Living with tetracycline-stained teeth can be both a challenge to your self-esteem and a challenge for your dentist to correct.
Those brownish-gray stains caused by exposure to the antibiotic tetracycline took place prior to the eruption of your teeth. As a result, unlike coffee, wine, and tea stains that exist on the surface of one’s teeth, tetracycline stains are “intrinsic” stains, meaning they’re within the tooth – in fact, part of its actual makeup.
Not all hope is lost, however. There are solutions you can implement in partnership with your dentist that can restore your smile – so let’s look at your best options.

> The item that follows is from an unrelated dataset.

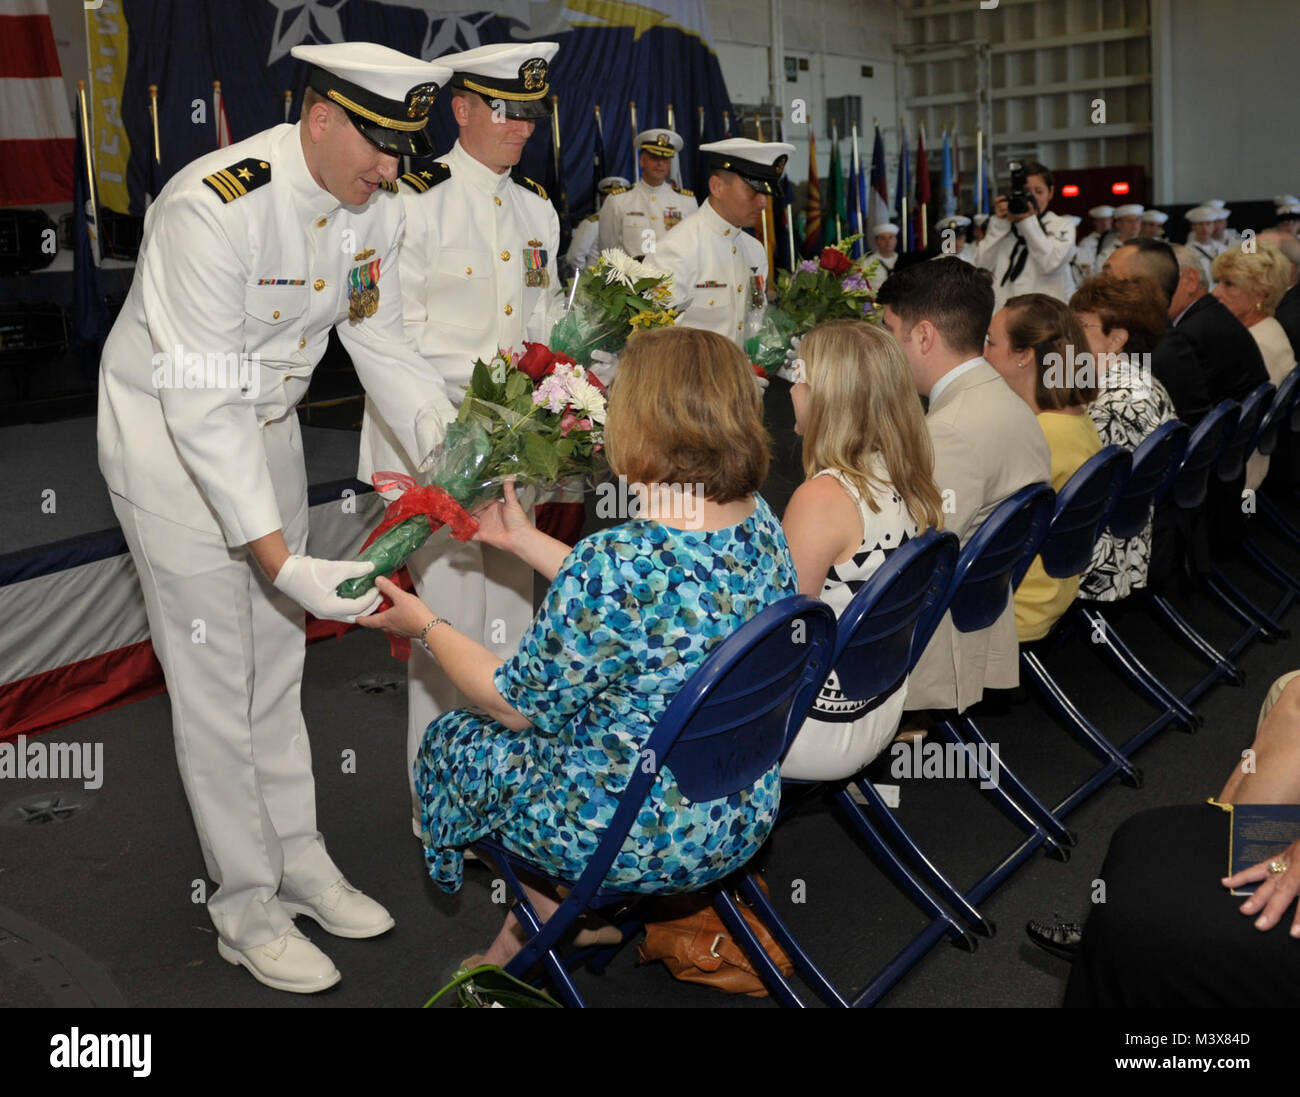 EVERETT, Wash. (July 8, 2014) Ceremonial ushers present the family of Rear Adm. Jeff Ruth with flowers during a change of command ceremony for the aircraft carrier USS Nimitz (CVN 68) held in the ship’s hangar bay. During the ceremony, Capt. John Ring assumed command of Nimitz from Ruth. (U.S. Navy photo by Mass Communication Specialist 3rd Class Aiyana S. Paschal/Released) 140708-N-WM477-091.jpg by USS NIMITZ (CVN 68) Stock Photo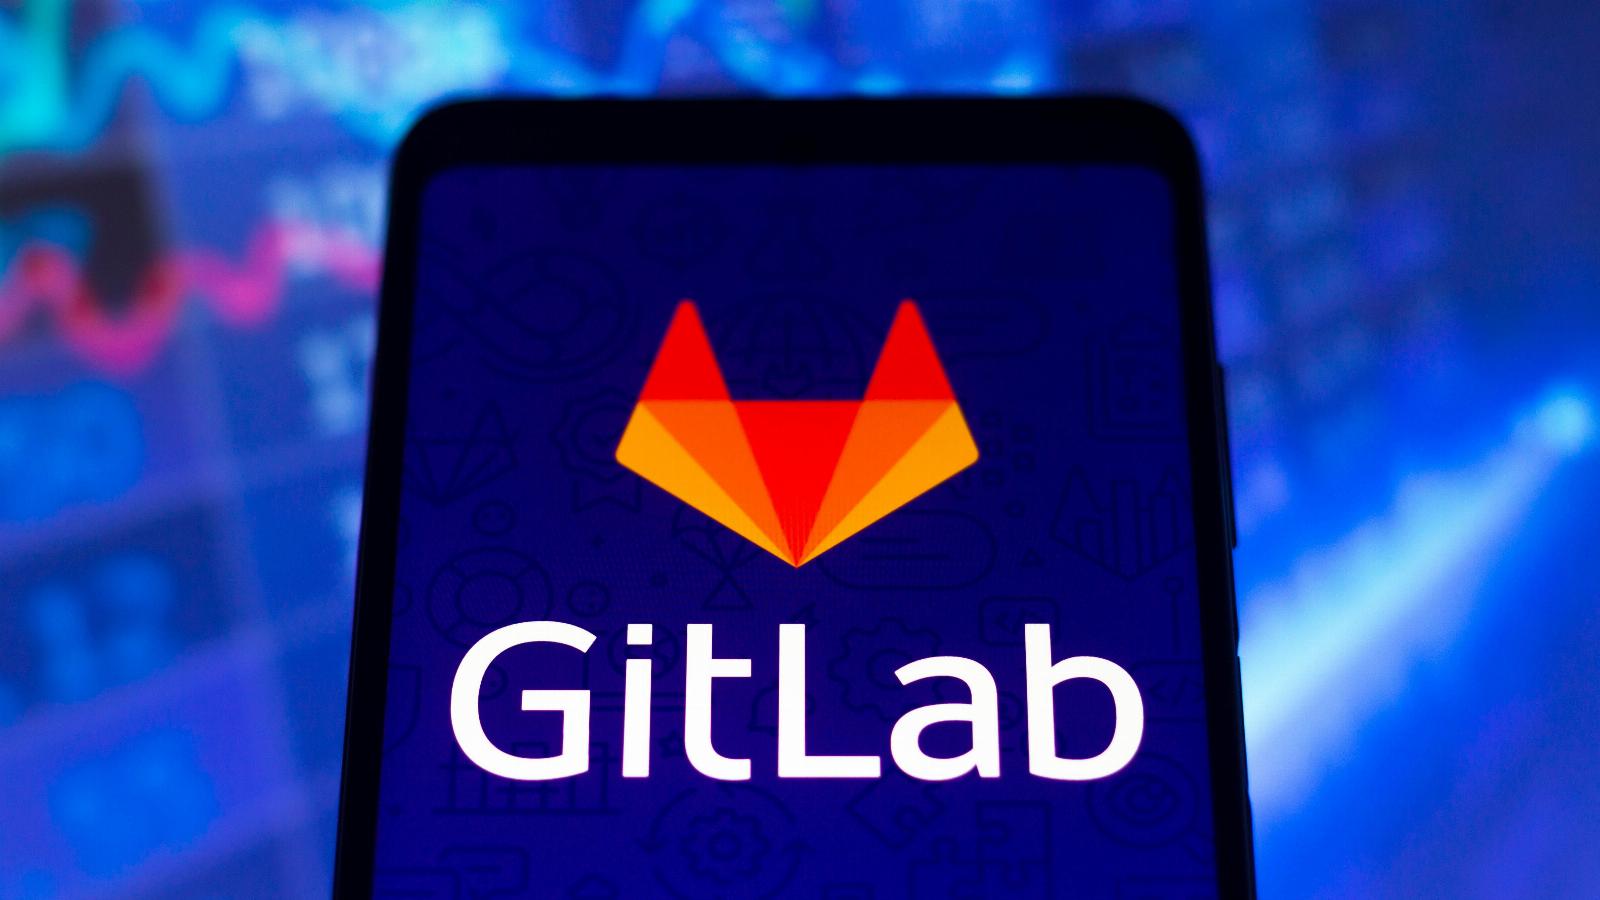 GitLab’s new security feature uses AI to explain vulnerabilities to developers

All staining is difficult to remove. And even lesser staining caused by smoking and food consumption tends to fade instead of fully disappearing. Tetracycline staining, as you might expect, is difficult to mask since it’s embedded within the tooth.
That said, there are encouraging bleaching products that have been shown to make a difference when used in combination with home treatment, and over a much longer course of time.
However, not all patients with tetracycline stains are good candidates for bleaching, because quite often the contrasts created after bleaching can cause unwanted differences in luminescence.
Your dentist is your best ally in fixing and protecting your smile, so ask if bleaching might be an option you can consider.
Cosmetic bonding can be another option to consider. Here, the worst of stains are simply covered up by a tooth-colored filling material.
Think of cosmetic bonding like sculpting. Since it is used most frequently to correct chipped or gapped teeth, your dentist will assume the role of artist, seeking to restore your smile to its most realistic look, feel and luminescence.
Bonding is done by using white or tooth-colored filling material, and achieves a great color match.
Veneers are thin shells of tooth-colored material that adhere to the front surface of your existing teeth to improve their appearance. They mimic the look and luminescence of natural teeth, and unlike bonding, are resistant to staining.
With proper care, and good oral hygiene, veneers can last upwards of10 years, and can be replaced should they ever chip or break.
Crowns are yet another option for tetracycline-stained teeth. Unlike with bonding and veneers the placement of a crown means the removal or “shaping” of a significant part of your natural tooth.
Since dentists and individuals are inclined to keep a healthy tooth intact above all else, crowns aren’t always the best go-to option. Yet they are an option for some, and their use is dependent on a variety of concerns including whether the tooth is completely healthy, where the staining has occurred (front or back of the mouth), budget, and personal preference.
With today’s color-matching technology and advanced repair possibilities, it’s no longer necessary to live with a cosmetically challenged smile.
Chat with your dentist at your next visit to see what suggestions they may have for you, and get back to unabashed smiling once again.